BMC Musculoskeletal Disorders 1/2015

Risk of low bone mineral density in patients with rheumatoid arthritis treated with biologics

Zeitschrift:
BMC Musculoskeletal Disorders > Ausgabe 1/2015
Autoren:
Kengo Takahashi, Takao Setoguchi, Hiroki Tawaratsumida, Yoshiya Arishima, Hiroyuki Tominaga, Yasuhiro Ishidou, Satoshi Nagano, Sanae Shigemizu, Noriko Aoki, Masaki Akimoto, Hideo Otsubo, Takemasa Matsuda, Hironori Kakoi, Toshihiko Izumi, Shunsuke Nakamura, Masahiro Yokouchi, Nobuhiko Sunahara, Setsuro Komiya
Wichtige Hinweise

Electronic supplementary material

The online version of this article (doi:10.​1186/​s12891-015-0732-x) contains supplementary material, which is available to authorized users.
Kengo Takahashi, Takao Setoguchi, Hiroki Tawaratsumida contributed equally to this work.

Competing interests

The authors declare that they have no competing interests.

Authors’ contributions

TS and H. Tominaga conceived and designed the study. KT, H. Tawaratsumida, YA, SS, NA, MA, HO, TM and NS collected data. HK, MH, MY, SN, YI and TS analyzed the data. TS and SK wrote the manuscript. All authors read and approved the final manuscript.

Authors’ information

Not applicable.
Abbreviations
RA
Rheumatoid arthritis
YAM
Young adult mean
RANKL
Receptor activator of nuclear factor-kappa B ligand
BMD
Bone mineral density
DEXA
Dual X-ray absorptiometry
BMI
Body mass index serum
CRP
C-reactive protein
DAS28-CRP
Disease activity score 28 CRP
SDAI
Simplified disease activity index
CDAI
Clinical disease activity index
MHAQ
Modified health assessment questionnaire
IQR
Interquartile range
OR
Odds ratio
CI
Confidence interval
TNFα
Tumor necrosis factor-alpha
PTH
Parathyroid hormone
SCORE
Calculated osteoporosis risk estimation
ORAI
Osteoporosis risk assessment instrument osteoporosis self-assessment tool
OSIRIS
Osteoporosis index of risk
FRAX
Fracture risk assessment tool

Background

Rheumatoid arthritis (RA) is a systemic inflammatory disease that can cause local joint deformity, including erosions of bone and narrowing of the joint space, and extra-articular symptoms, including anemia, pneumonitis and osteoporosis.
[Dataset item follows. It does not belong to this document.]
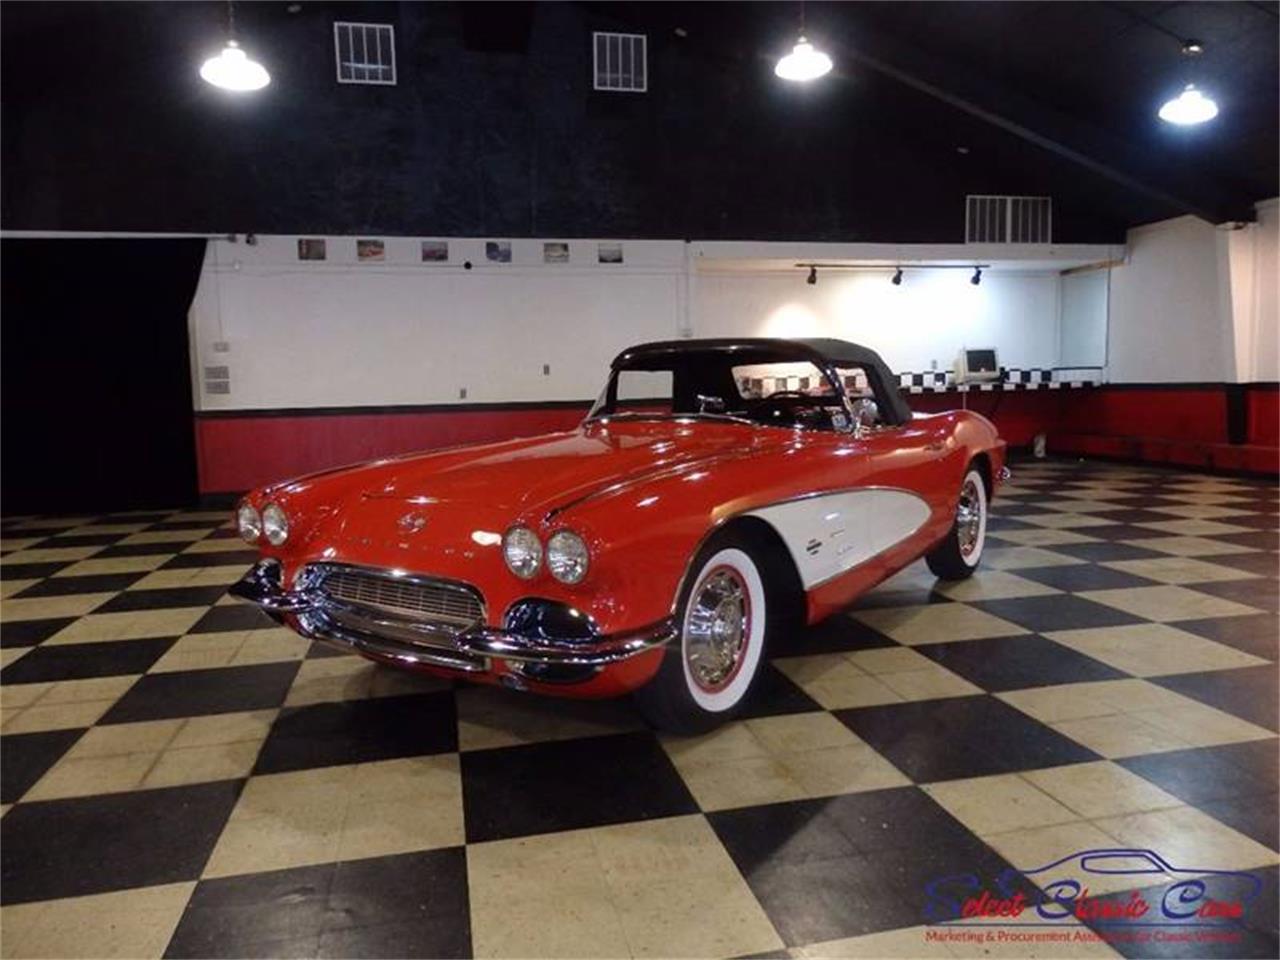 Large Picture of '61 Corvette located in Hiram Georgia - $69,500.00 - L521
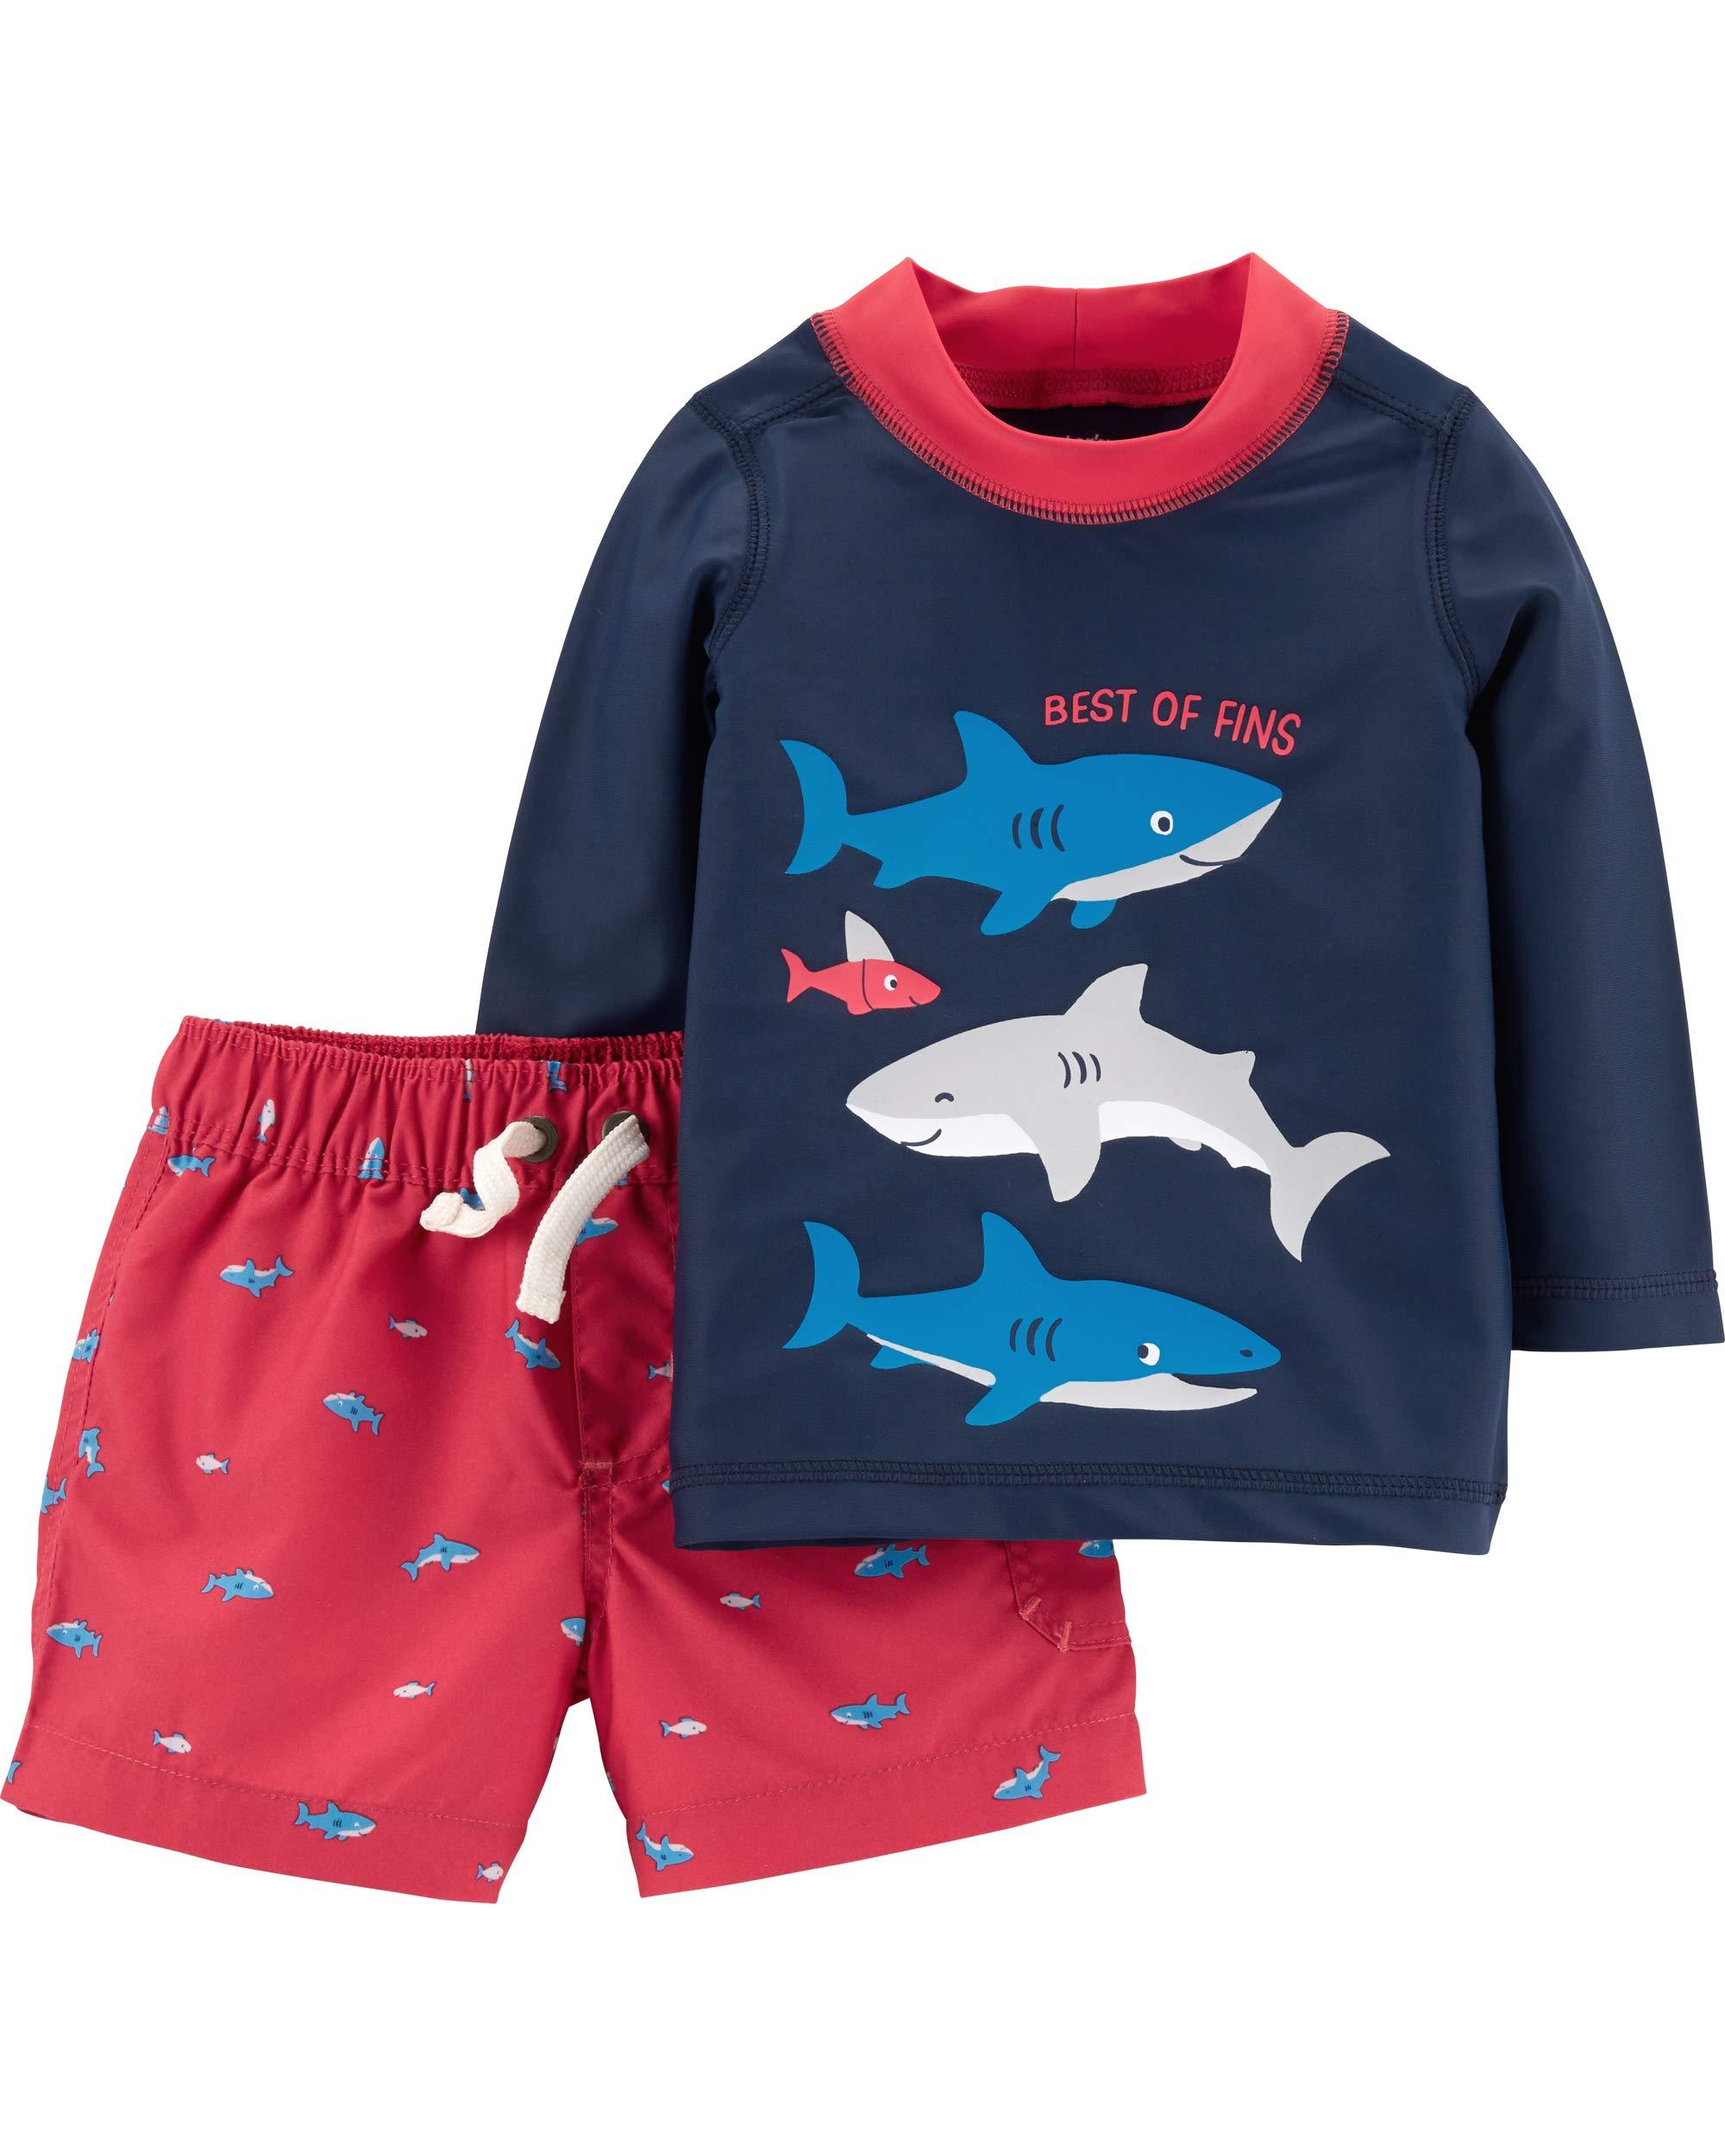 Carter's Baby Boys Rashguard Swim Set, Shark, 3 Months by Carter's

Osteoporosis increases the risk of fracture and causes pain and disability, impairing the quality of life of patients with RA. High disease activity, glucocorticoid therapy, immobility, advanced age, low body mass and female sex are reportedly risk factors for osteoporosis in patients with RA [ 1]. Inflammation is the one of the key triggers of bone resorption and contributes to local and generalized osteoporosis [ 2]. Inflammatory cytokines activate osteoclast differentiation, which resorb bone matrix. Osteoclasts play a central role in bone resorption in RA, orchestrated by T-lymphocytes, monocytes and fibroblasts in the synovium of inflammatory joints, which produce osteoclast differentiation-inducing factors. Osteoclast differentiation is mainly promoted by the receptor activator of nuclear factor-kappa B ligand (RANKL), which is up-regulated by a large number of the inflammatory cytokines involved in the pathogenesis of RA [ 2]. A better understanding of the pathogenesis of RA has improved treatment of the disease, particularly the targeting of key molecules by biologics [ 35]. Beyond the control of RA activity, there is evidence that biologics might also have beneficial effects on bone metabolism and bone remodeling [ 6]. We examined the bone mineral density (BMD) of patients with RA treated with biologics, and aimed to establish which factors were associated with low BMD.

Methods

Patients

We retrospectively studied the records of 186 consecutive patients with RA diagnosed using the 2010 criteria of the American College of Rheumatology and treated at the Japanese Red Cross Kagoshima Hospital with infliximab, adalimumab, golimumab, etanercept, tocilizumab or abatacept according to established protocols.

BMD of the femoral neck

Bone mineral density was measured between December 2011 and December 2013 using the Discovery DXA system (Hologic, Waltham, Massachusetts, USA). The BMD of the femoral neck (in g/cm 2) was calculated using the young adult mean (YAM). The Japanese Society for Bone and Mineral Research has proposed that primary osteoporosis should be diagnosed when BMD is <80 % of YAM with evidence of a fragility fracture, or when BMD is <70 % of YAM [ 710]. The patients were divided into two groups: those with BMD <70 % of YAM and those with BMD ≥70 % of YAM.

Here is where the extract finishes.